From the MS Research Unit (Drs. Blinkenberg and Sørensen) and Neurobiology Research Unit (Drs. Blinkenberg and Paulson), Department of Neurology, and the Department of Nuclear Medicine (Dr. Holm), Rigshospitalet, Copenhagen University Hospital, Copenhagen; and the Danish Research Center of Magnetic Resonance (Drs. Jensen and Paulson), Hvidovre Hospital, Copenhagen University Hospital, Hvidovre, Denmark.

Address correspondence and reprint requests to Dr. Morten Blinkenberg, Neurobiology Research Unit 9201, Rigshospitalet, 9 Blegdamsvej, DK-2100 Copenhagen, Denmark; e-mail: blink{at}pet.rh.dk

OBJECTIVE: To study the time-related changes in cerebral metabolic rate of glucose (CMRglc) in MS patients and to correlate these with changes in MRI lesion load and disability.

BACKGROUND: Measurements of MRI lesion load and neurologic disability are used widely to monitor disease progression in longitudinal studies of MS patients, but little is known about the associated changes in cerebral neural function.

METHODS: The authors studied 10 patients with clinically definite MS who underwent serial measurements of CMRglc, MRI T2-weighted total lesion area (TLA), and clinical evaluation of disability (Expanded Disability Status Scale [EDSS]) over a period of approximately 2 years (three examinations). CMRglc was calculated using PET and 18-fluorodeoxyglucose (FDG).

RESULTS: The global cortical CMRglc decreased with time (p < 0.001) and the most pronounced reductions of CMRglc were detected in frontal and parietal cortical areas.
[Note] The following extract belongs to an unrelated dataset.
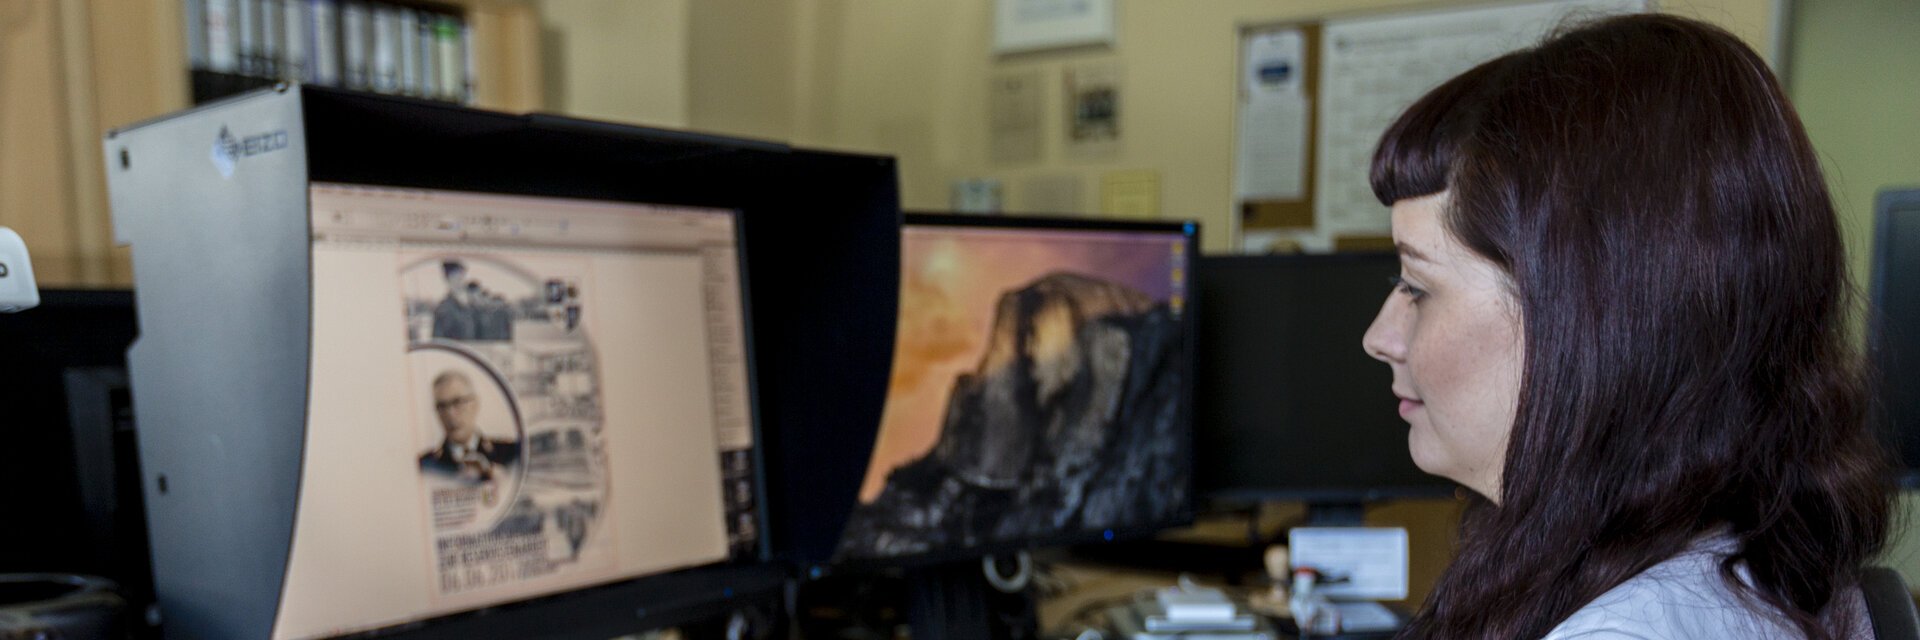 Frau sitzt vor einem Monitor und zeichnet an einem Tablet

There was a statistically significant increase of disability (p < 0.01) and TLA (p < 0.05) measurements during the study, but changes in CMRglc were not correlated to changes in TLA and EDSS.
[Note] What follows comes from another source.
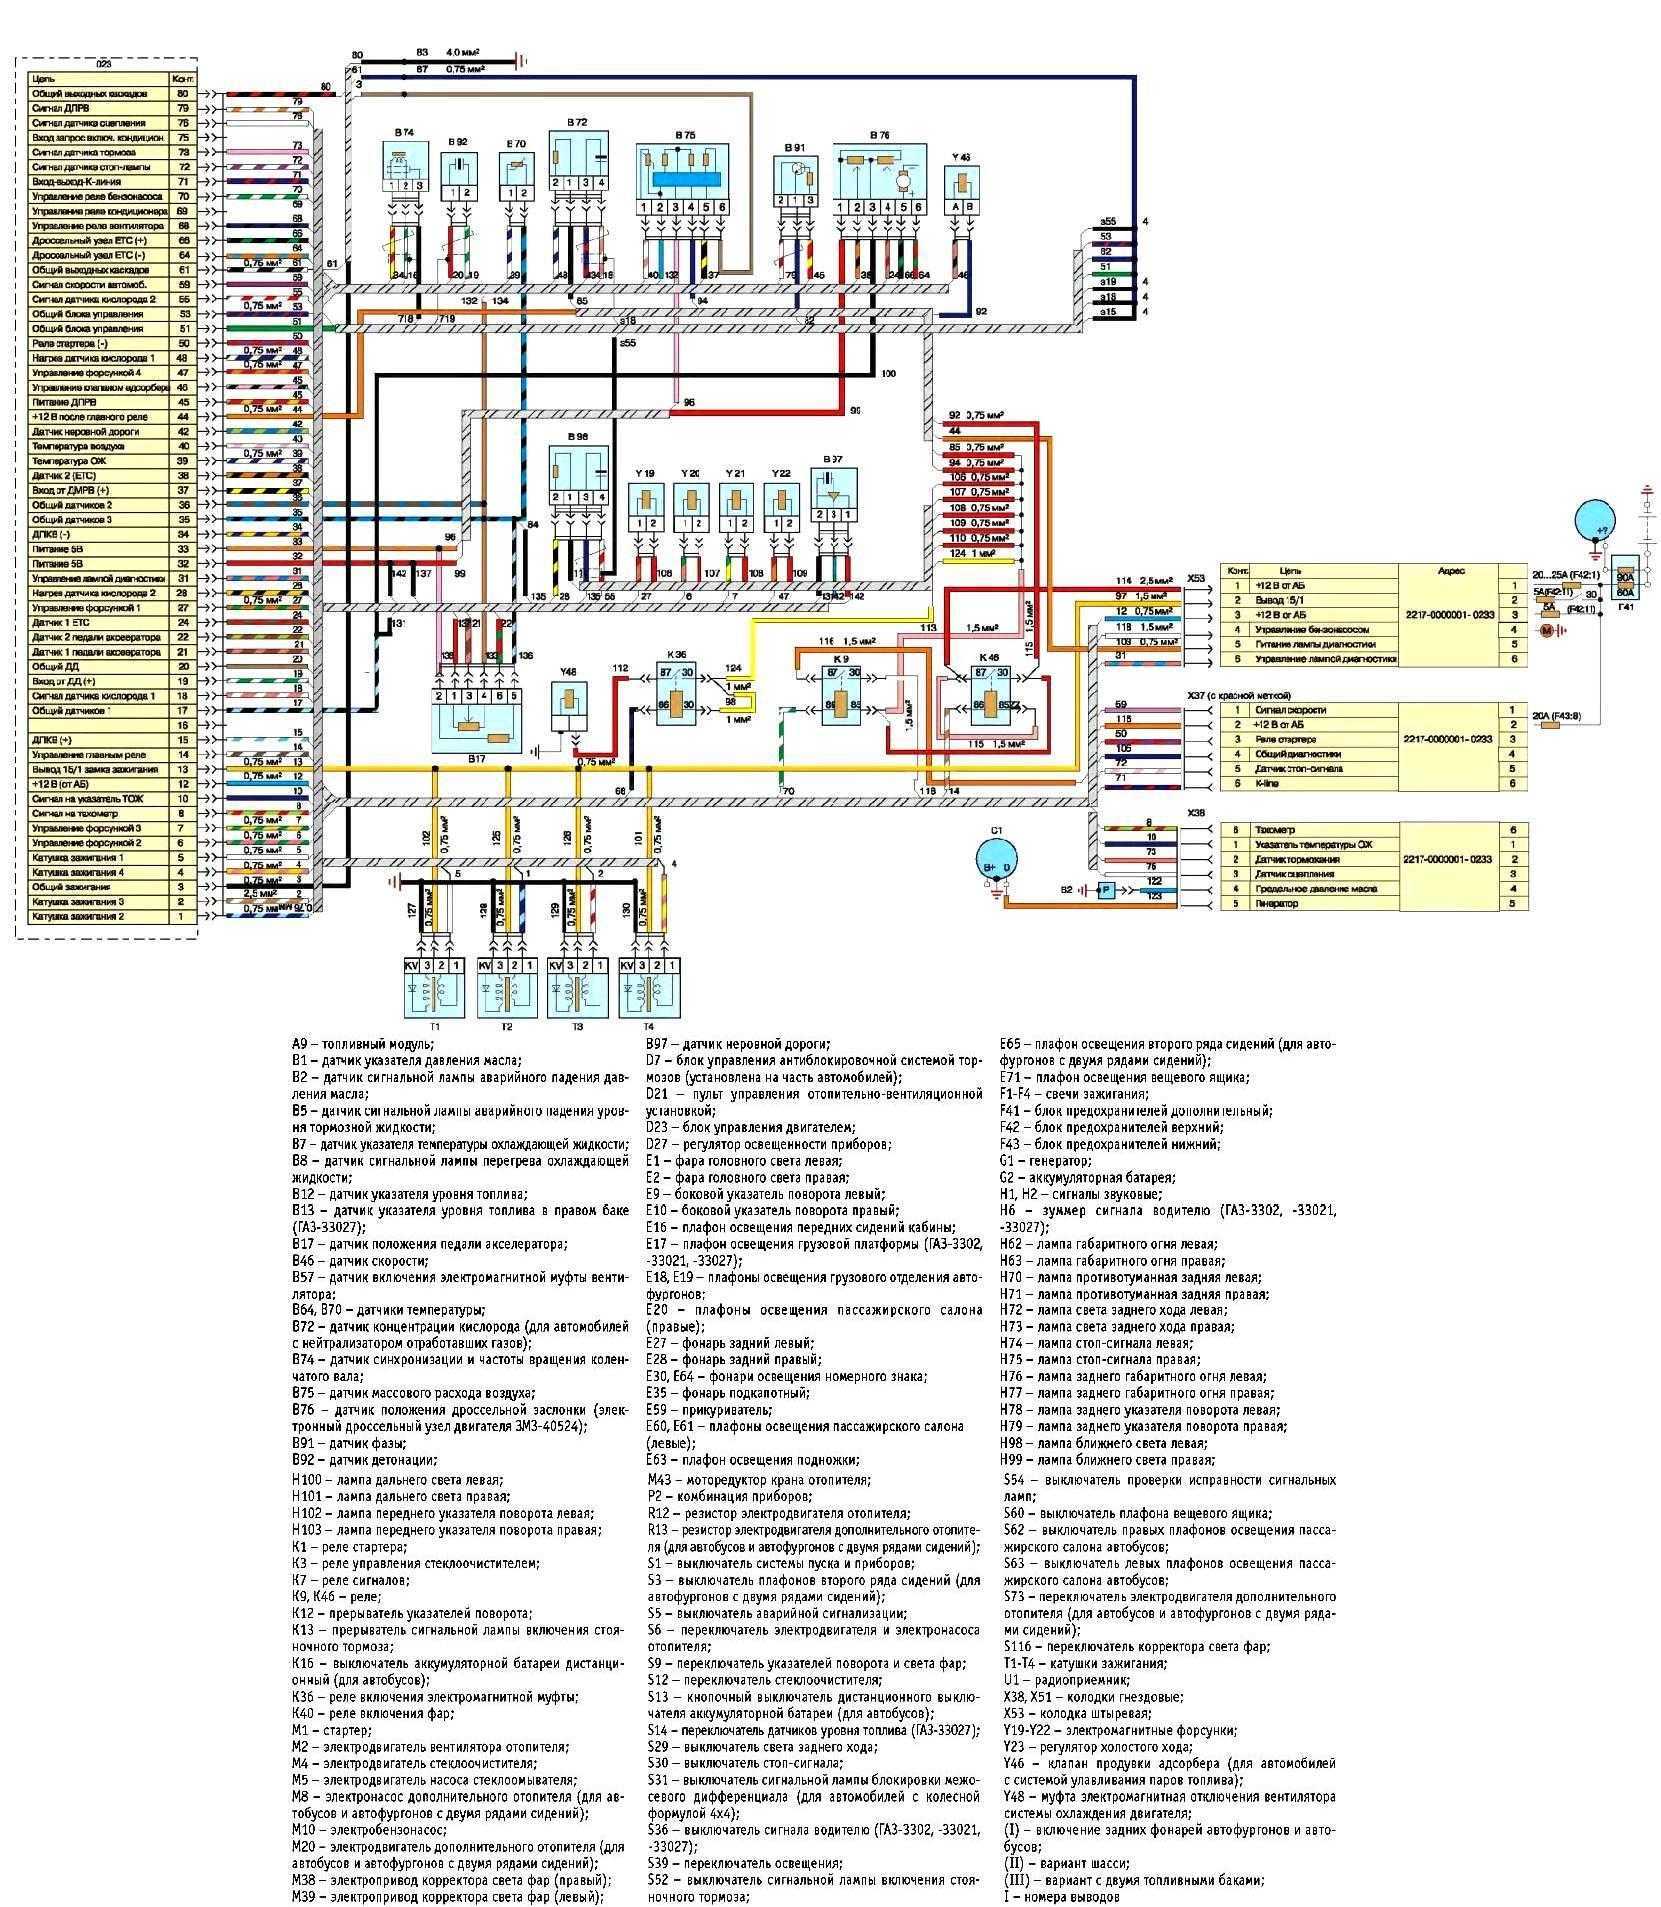 Схема СУД автомобиля Газель с двигателем ЗМЗ-40524

CONCLUSIONS: Global cortical cerebral metabolism in MS is decreased significantly during a 2-year observation period, suggesting a deterioration of cortical activity with disease progression. The time-related changes of cortical CMRglc are statistically stronger than changes in TLA measurements and neurologic disability, and might be a useful secondary measure of treatment efficacy.